The flexibility of a Digital Data Capture and Management System can allow for remote monitoring of individuals in self-isolation. This routine checkup will begin when an individual is asked or chooses to self-isolate for any reason. Healthcare providers will share a link to a monitoring form which the individual can access on a smartphone or any mobile device. In this form, the individual can input their symptoms or lack of it every day until the isolation period is over (usually 14days).
This data is visible to the admins (heath providers or NCDC) on an intuitive dashboard so they can monitor the individuals closely and know when to jump in.

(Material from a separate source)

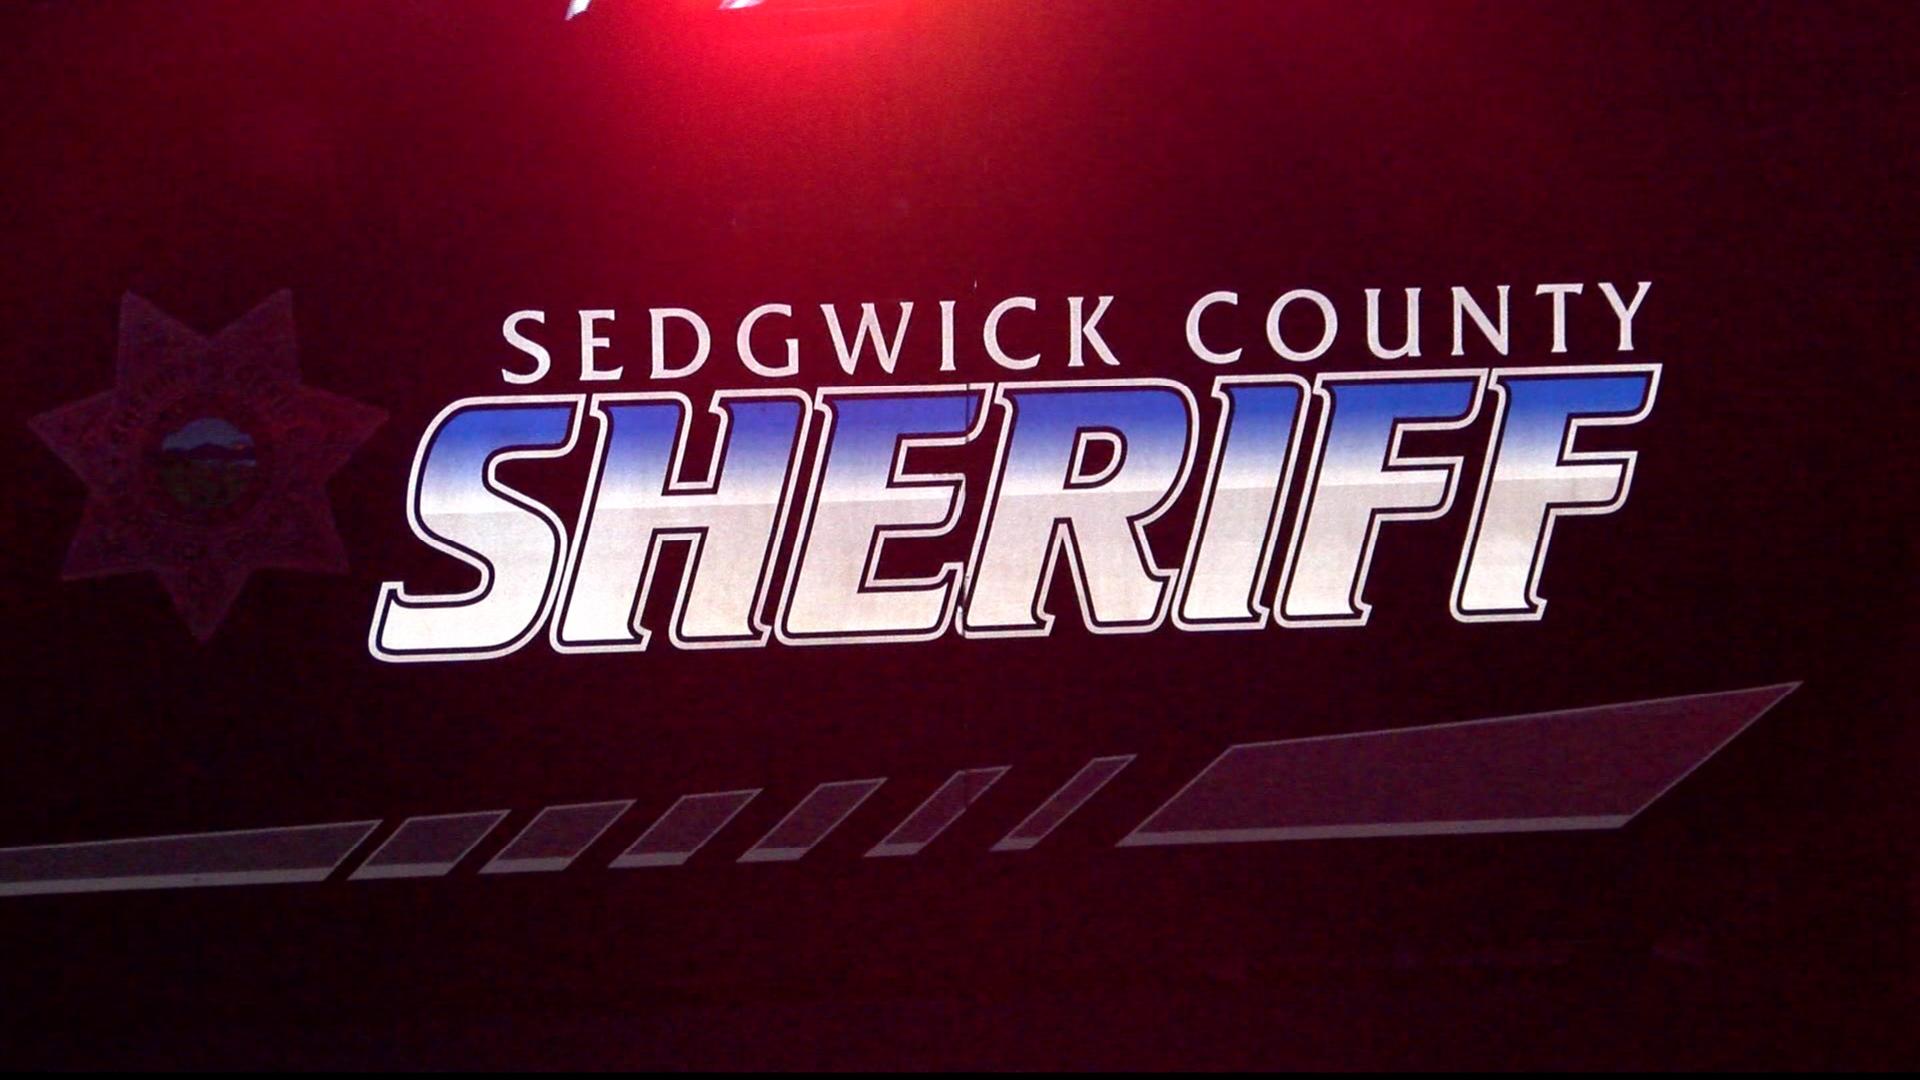 Sedgwick County Sheriff.jpg

The data is also location-based so it is easy to flag when isolated individuals have moved from their designated locations.
Conclusively, having given the 4 ways we know technology can help to flatten the curve, we are proposing that every country right now gets started with a Data Capture and Management System that has demonstrated the potential to improve the quality of data collection, surveillance, analysis, and secure data transport.
It is important to note that Coronavirus is rapidly evolving. Stay informed, maintain clean hand and respiratory hygiene, self-isolate if you’re unsure, report yourself if your symptoms are suggestive, don’t panic and stay safe.